= Beginning of Section =

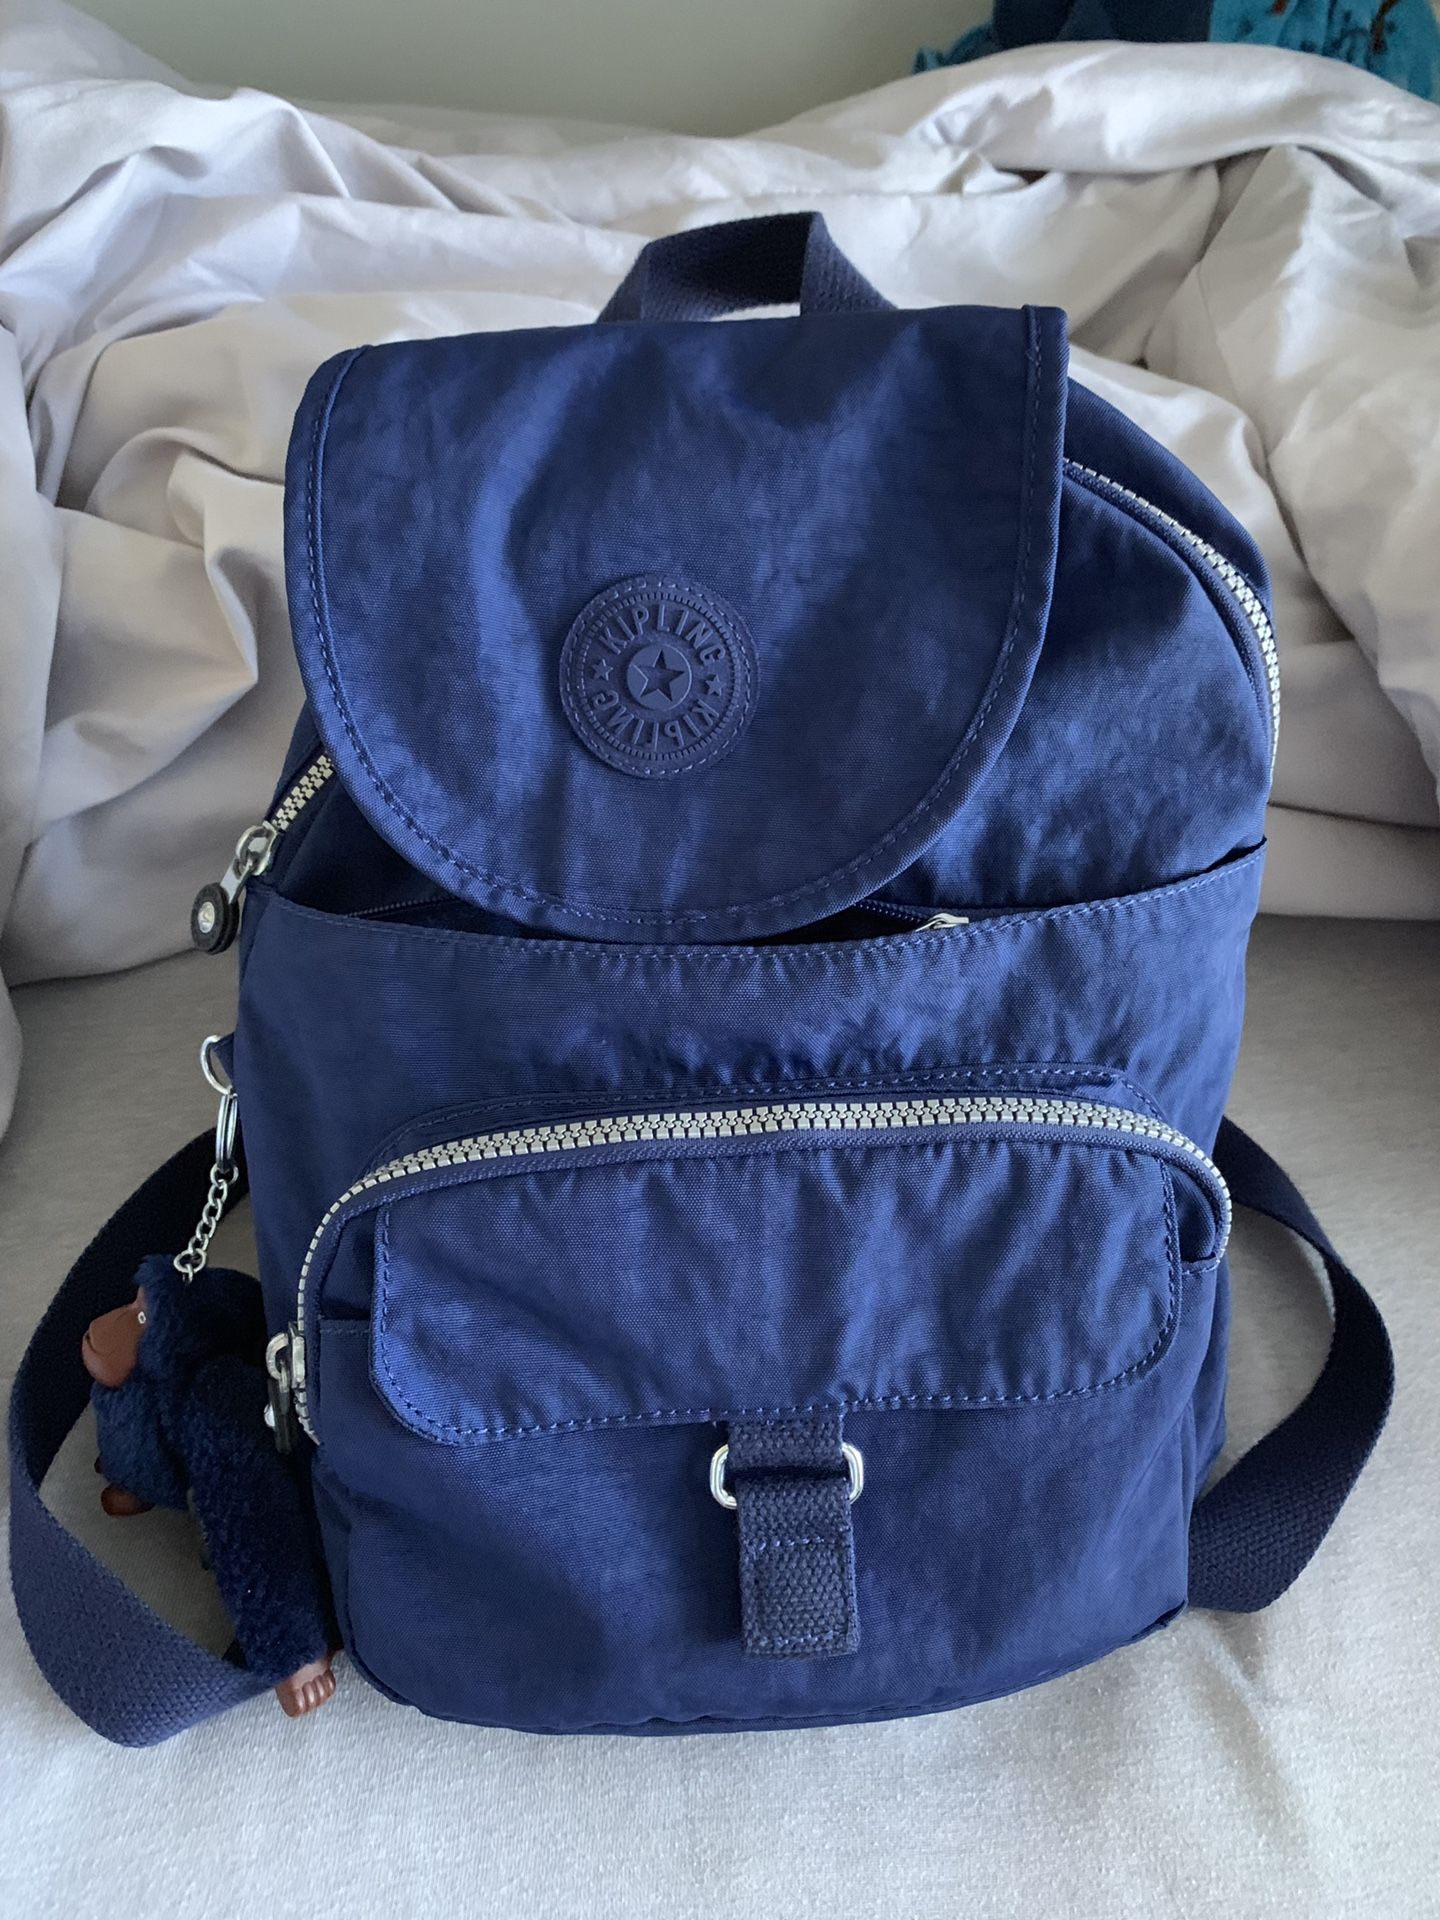 Kipling backpack (purse)
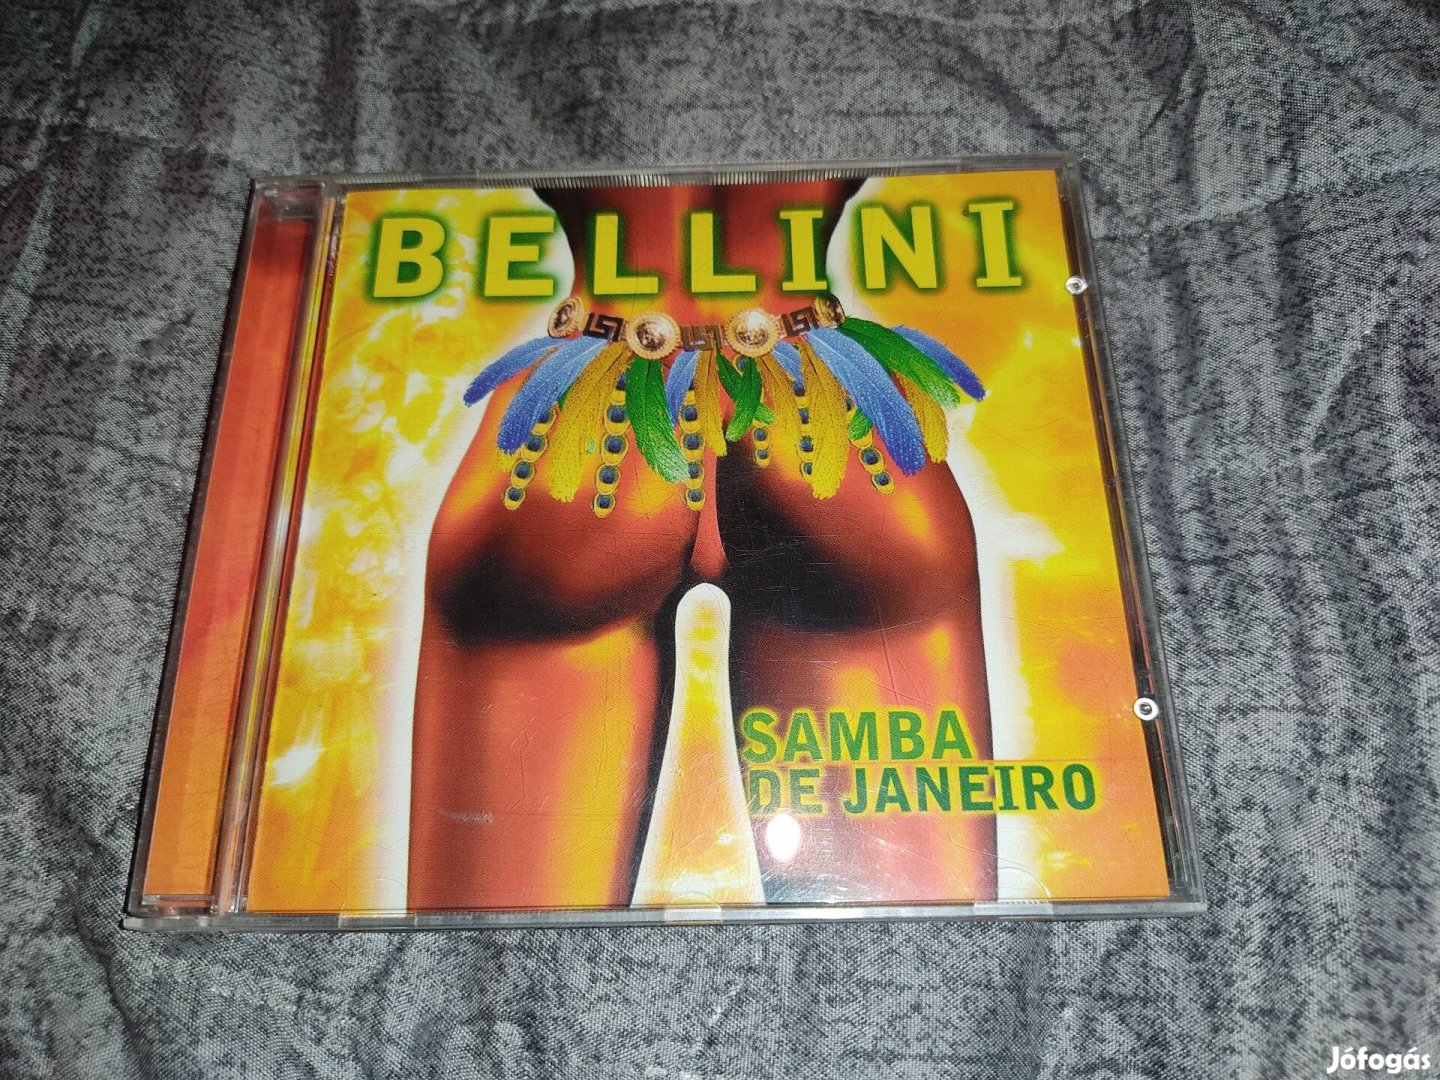 Bellini - Samba De Janeiro CD (1997)
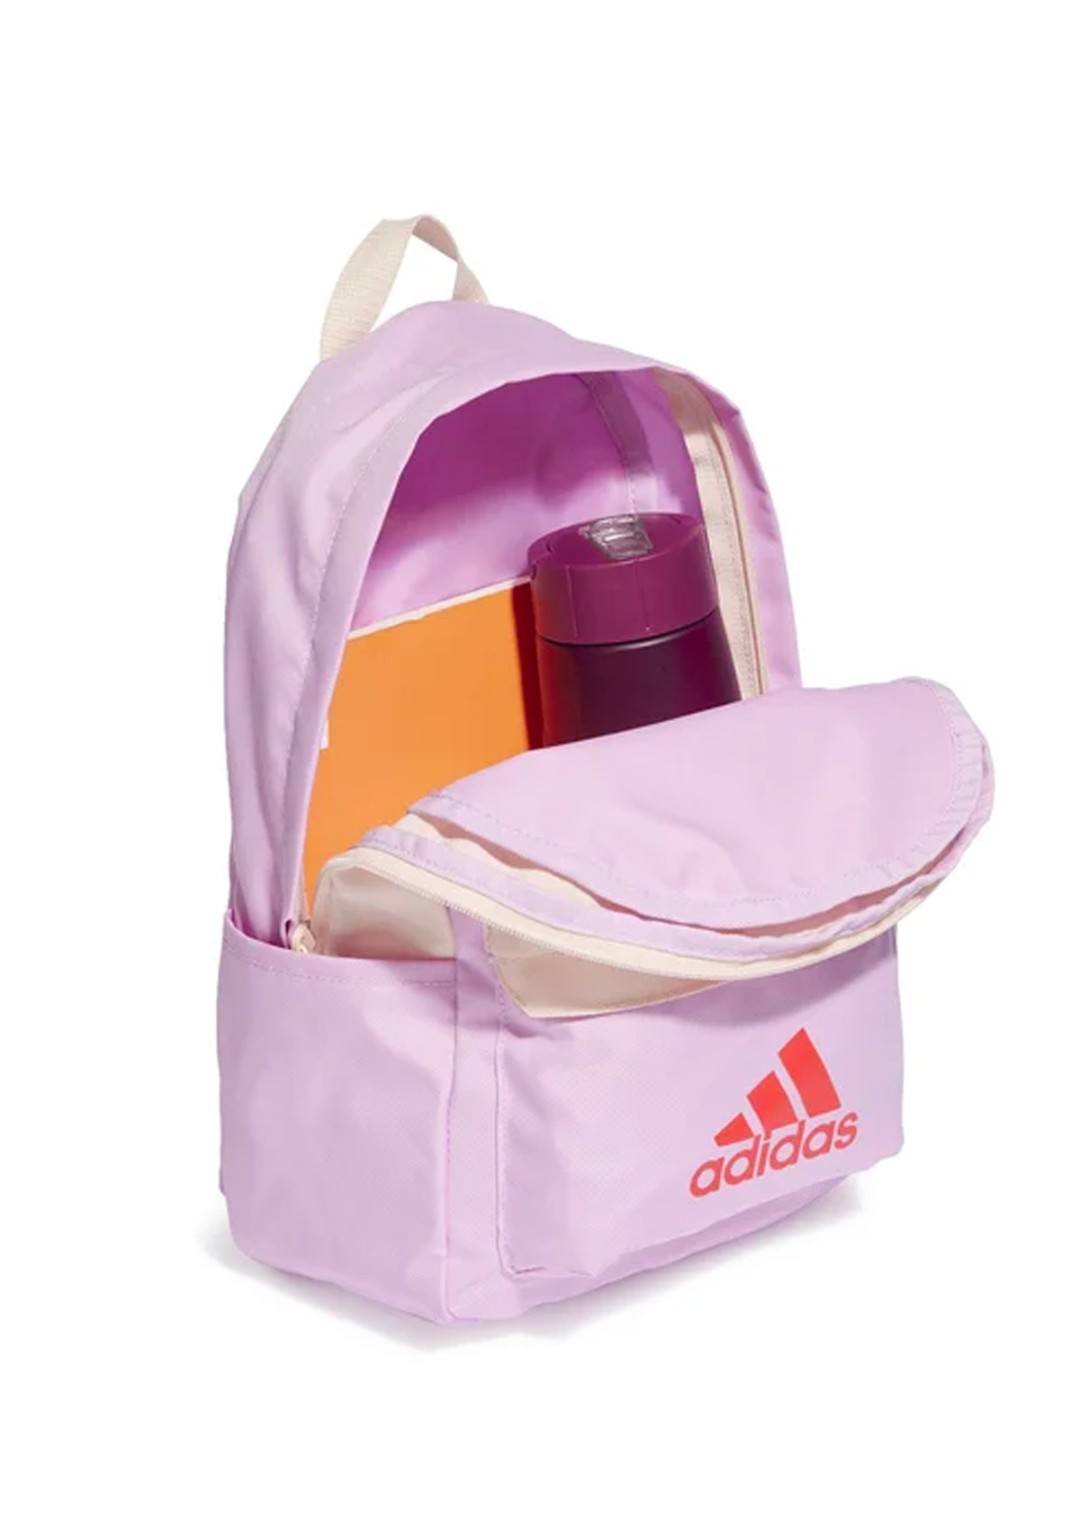 Adidas - Zaino logo - Bambine e ragazze - IL8450
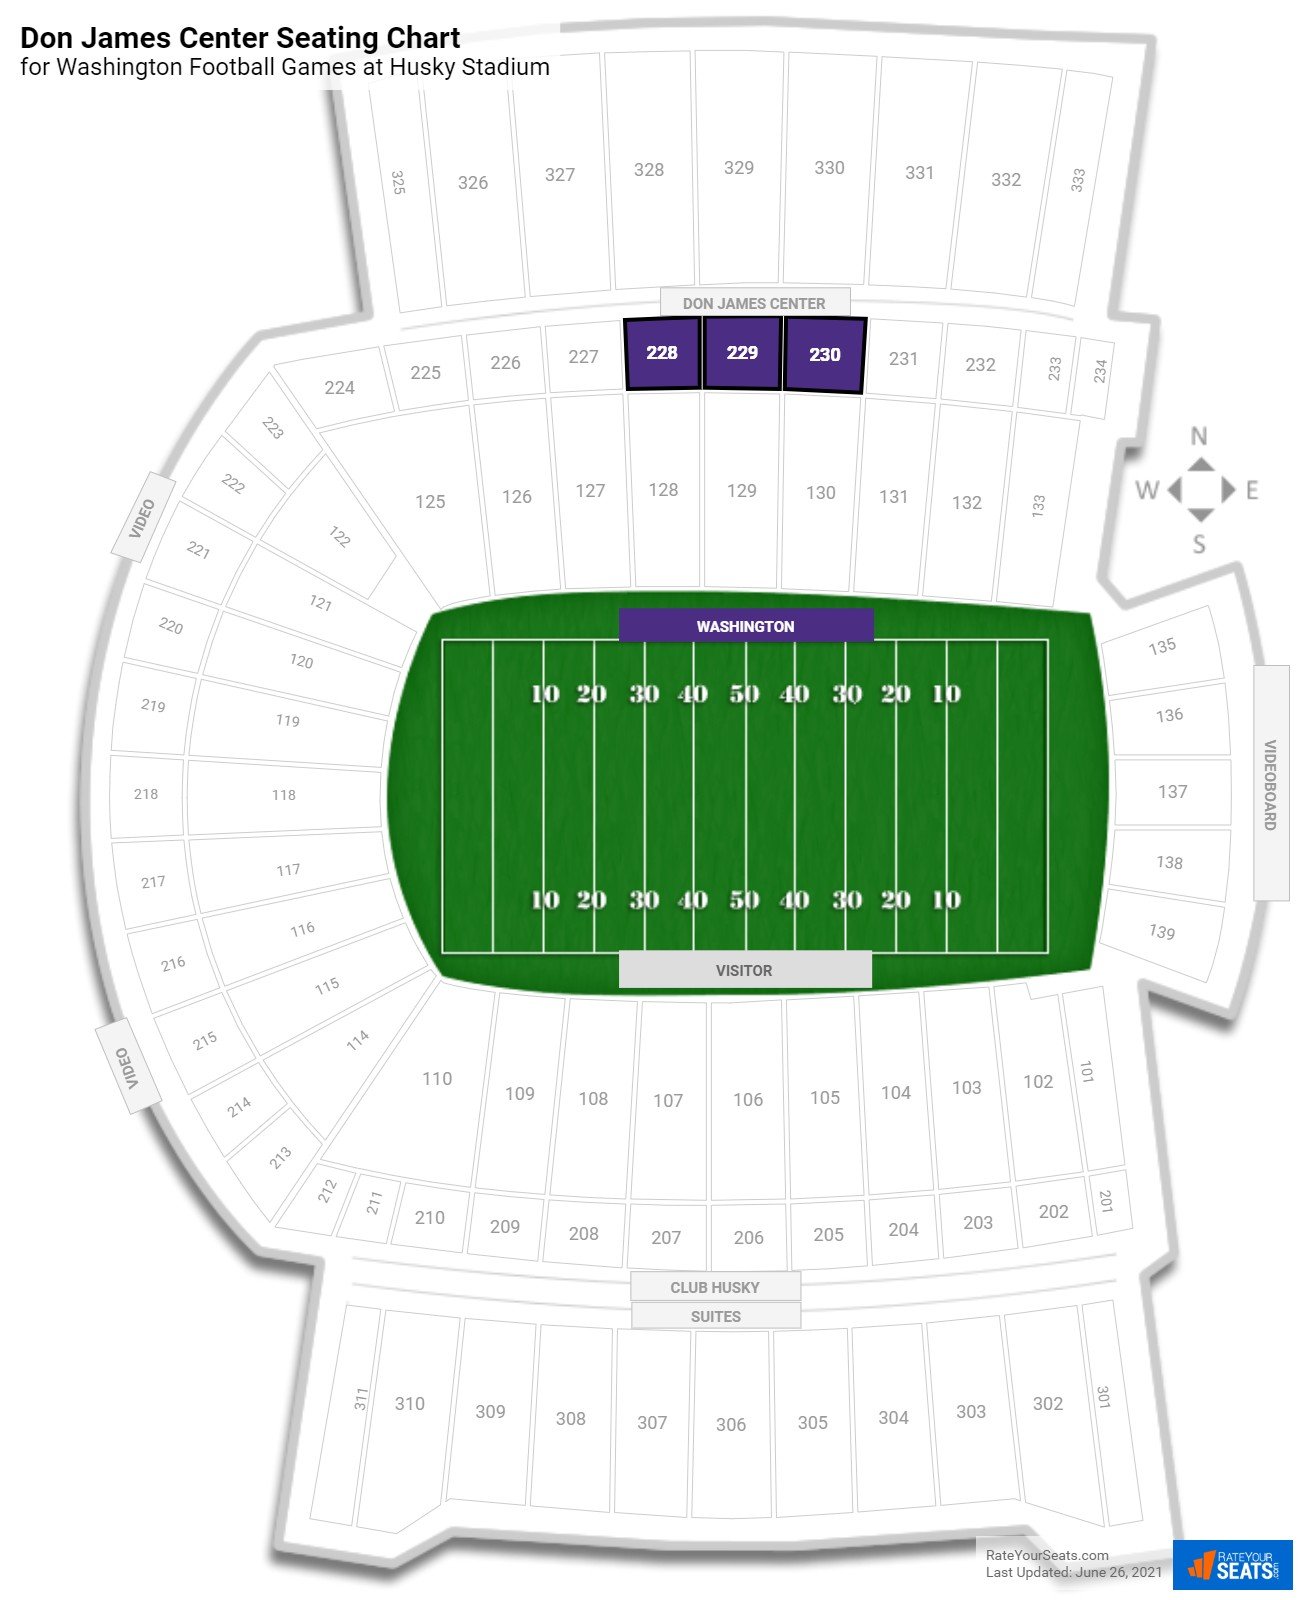 Washington Don James Center Seating Chart at Husky Stadium

= End of Section =

Requirement –
The whole listing should be retyped word for word; none of its pictures belong in the copy.

Reply to the exercise –
 Kipling backpack (purse)
 Bellini - Samba De Janeiro CD (1997)
 Adidas - Zaino logo - Bambine e ragazze - IL8450
 Washington Don James Center Seating Chart at Husky Stadium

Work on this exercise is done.